Il est par conséquent profondément regrettable qu'un si grand nombre de gens puissent penser que la première marche sur la Lune n'a jamais eu lieu et que l'adhésion du public envers la légitimité de la science et de la technique semble décliner au fil du temps ».
En cette journée historique du 21 Juillet 1969, face à la crédulité des regards posés sur lui, il sût qu'aucun argument ne résisterait au piège qu'avait noué le Taleb avant même l'entame de toute discussion. Ce n'était pas le jour de la raison, il se contenta alors de rappeler à l'assistance que Dieu a doté l'homme d'intelligence et que le véritable blasphème serait de renoncer à en tirer profit et il s'empressa de renter chez lui.
Le soir, suffocant dans le petit réduit qui lui était réservé dans la demeure familiale, il prit le fin matelas traditionnel qui lui servait de couche et s'installa, dans la cour, sous les étoiles.

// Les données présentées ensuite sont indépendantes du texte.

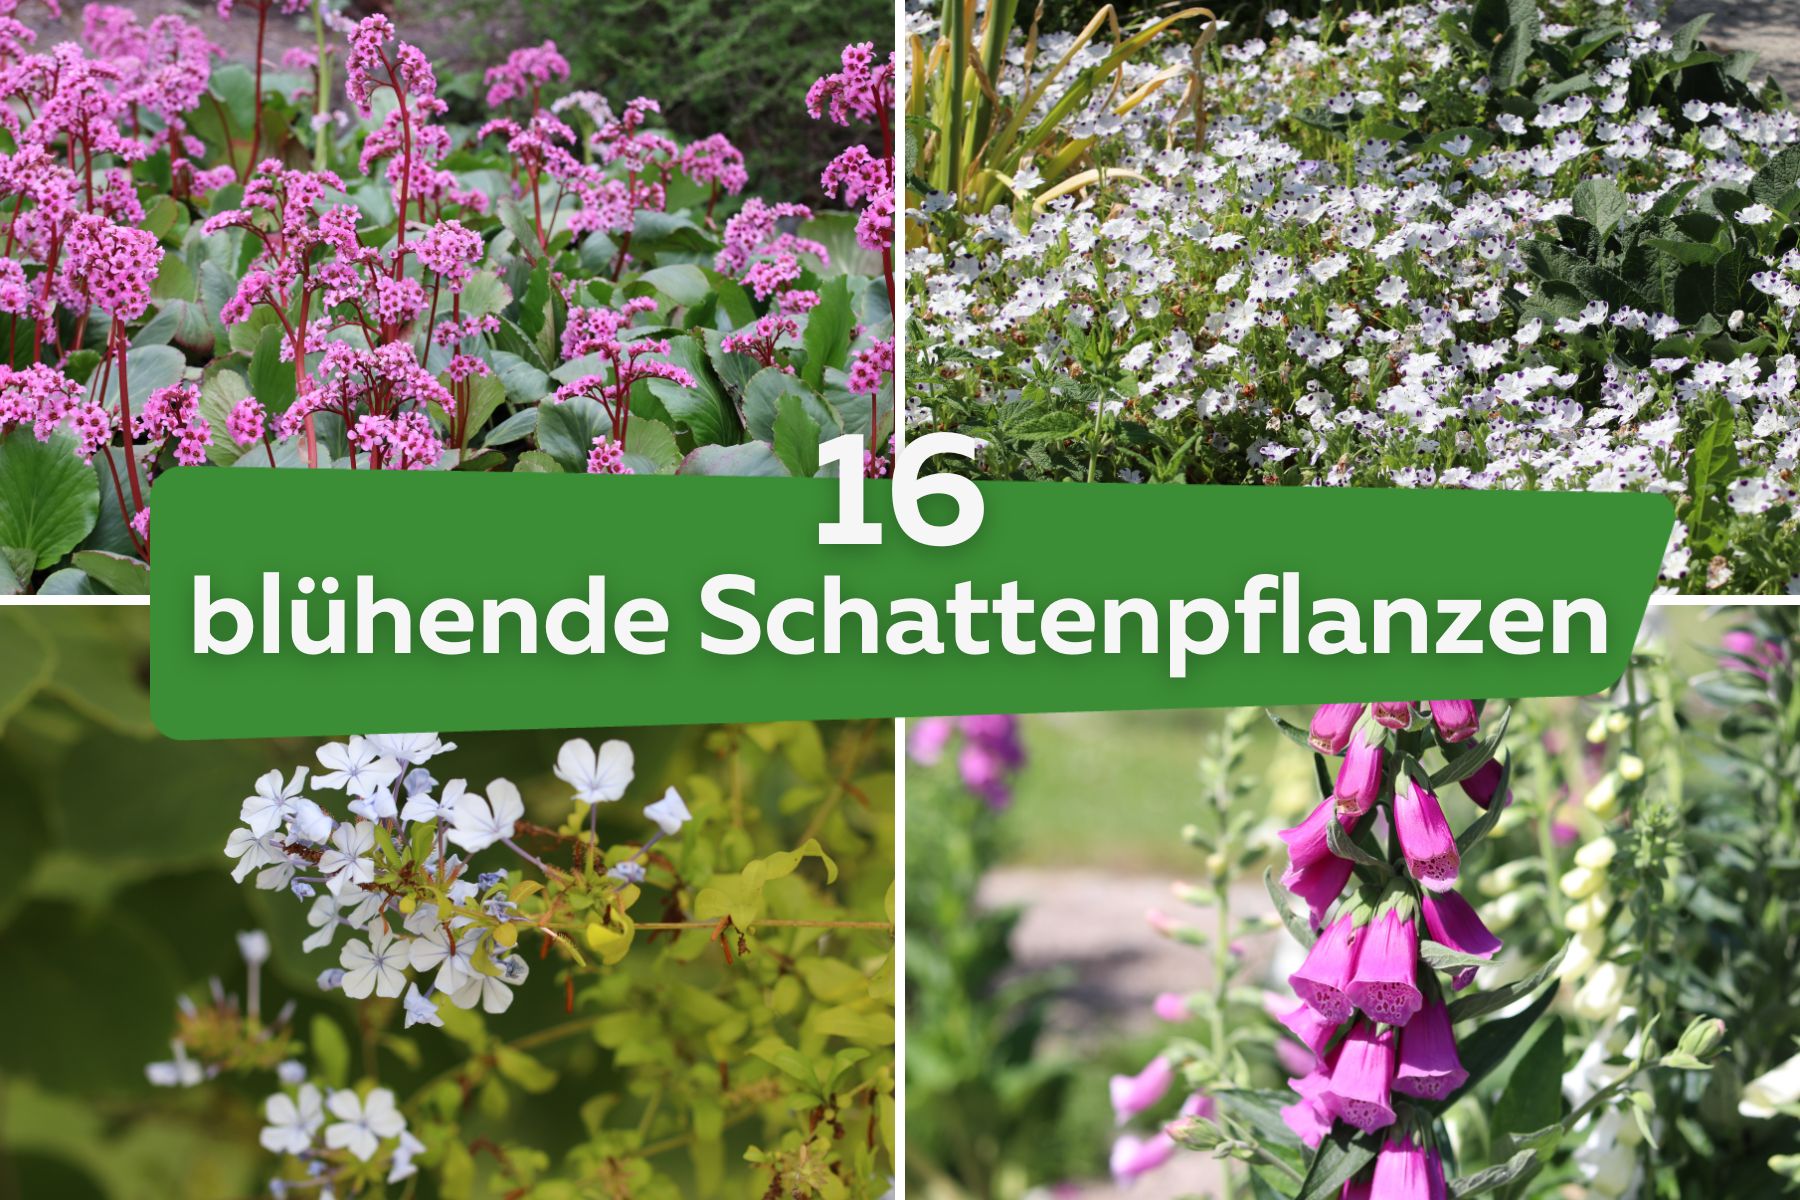 16 blühende Schattenpflanzen für den Garten | Bergenia, Bleiwurz, Fingerhut, Hainblume
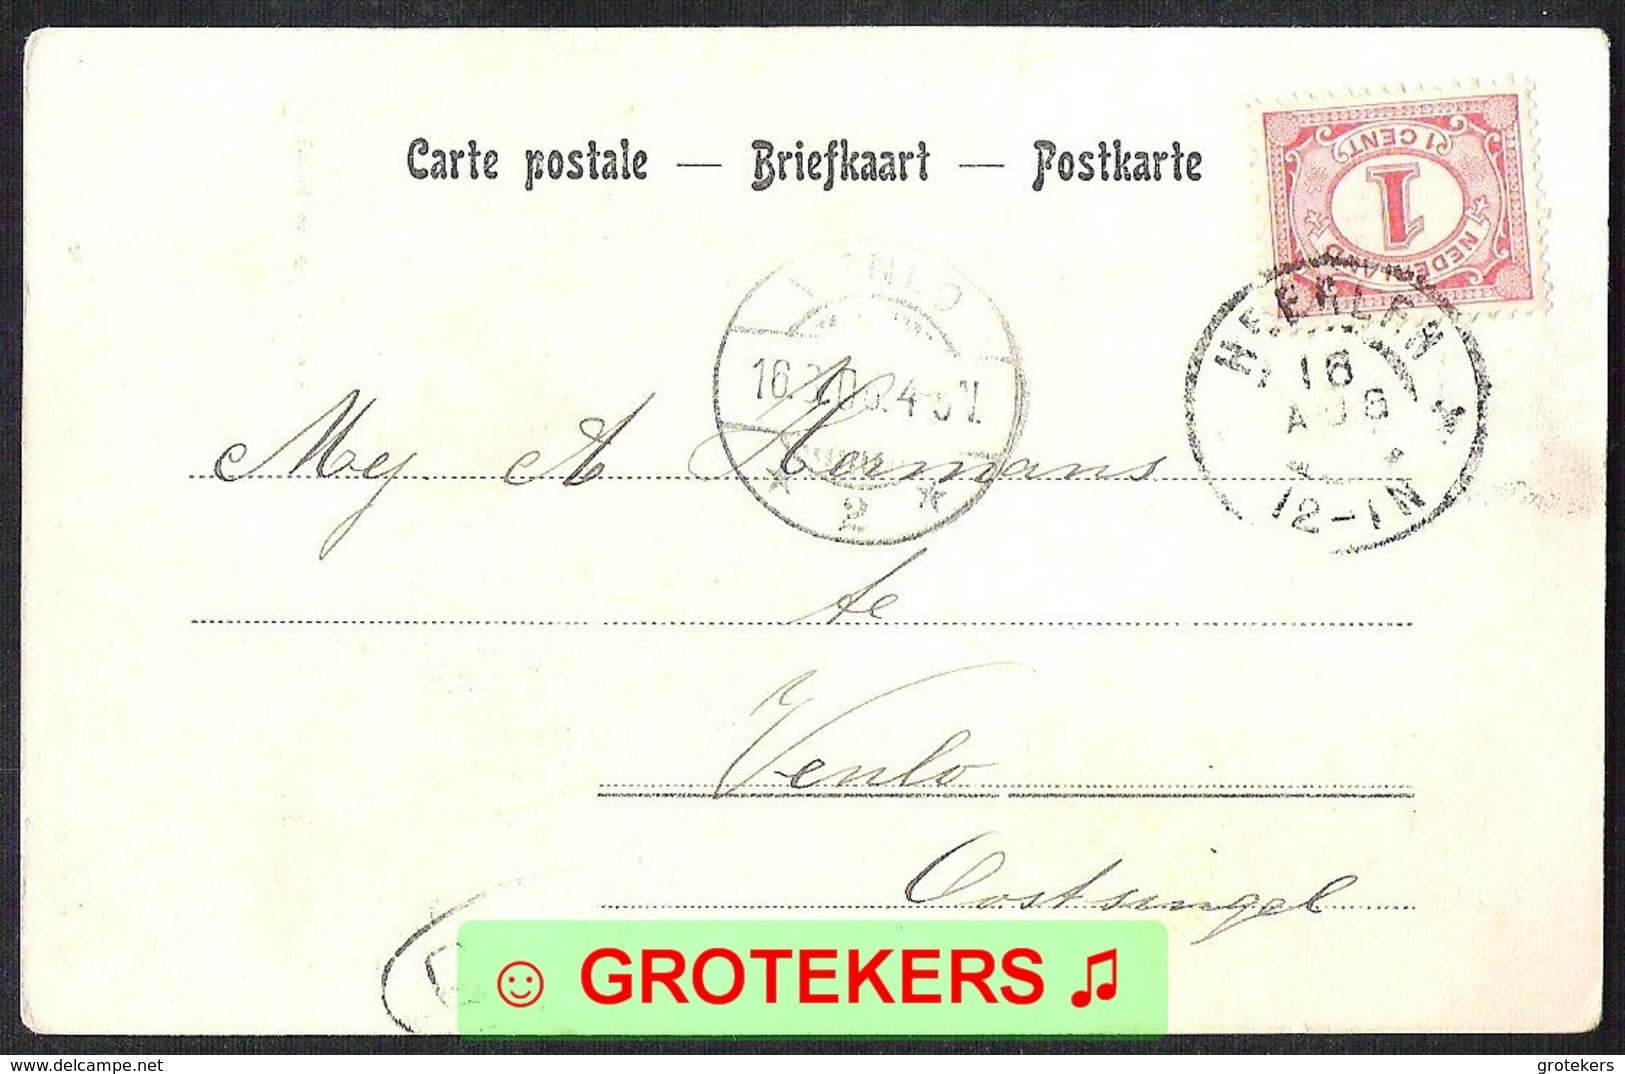 Aankomststempel Venlo 2 Langebalk Met Arcering (LBMN 0063) Op Ansicht VALKENBURG Gezicht Op De Geul 1906 LEES - Poststempels/ Marcofilie

Sa mère, l'ayant vu faire, l'interpella à haute voix pour lui déconseiller de dormir sous la Lune. Une Lune que les hommes venaient à peine de fouler. Le lendemain sur le chemin du centre ville, il entendit une musique que diffusait un disquaire du coin et la chanteuse de Raï qui se plaignait que son bien-aimé tarde à rentrer alors qu'Apollo avait vite fait de revenir de la Lune. Ainsi, la chanteuse admettait la prouesse scientifique ; comme quoi l'Amour ne rend pas toujours aveugle.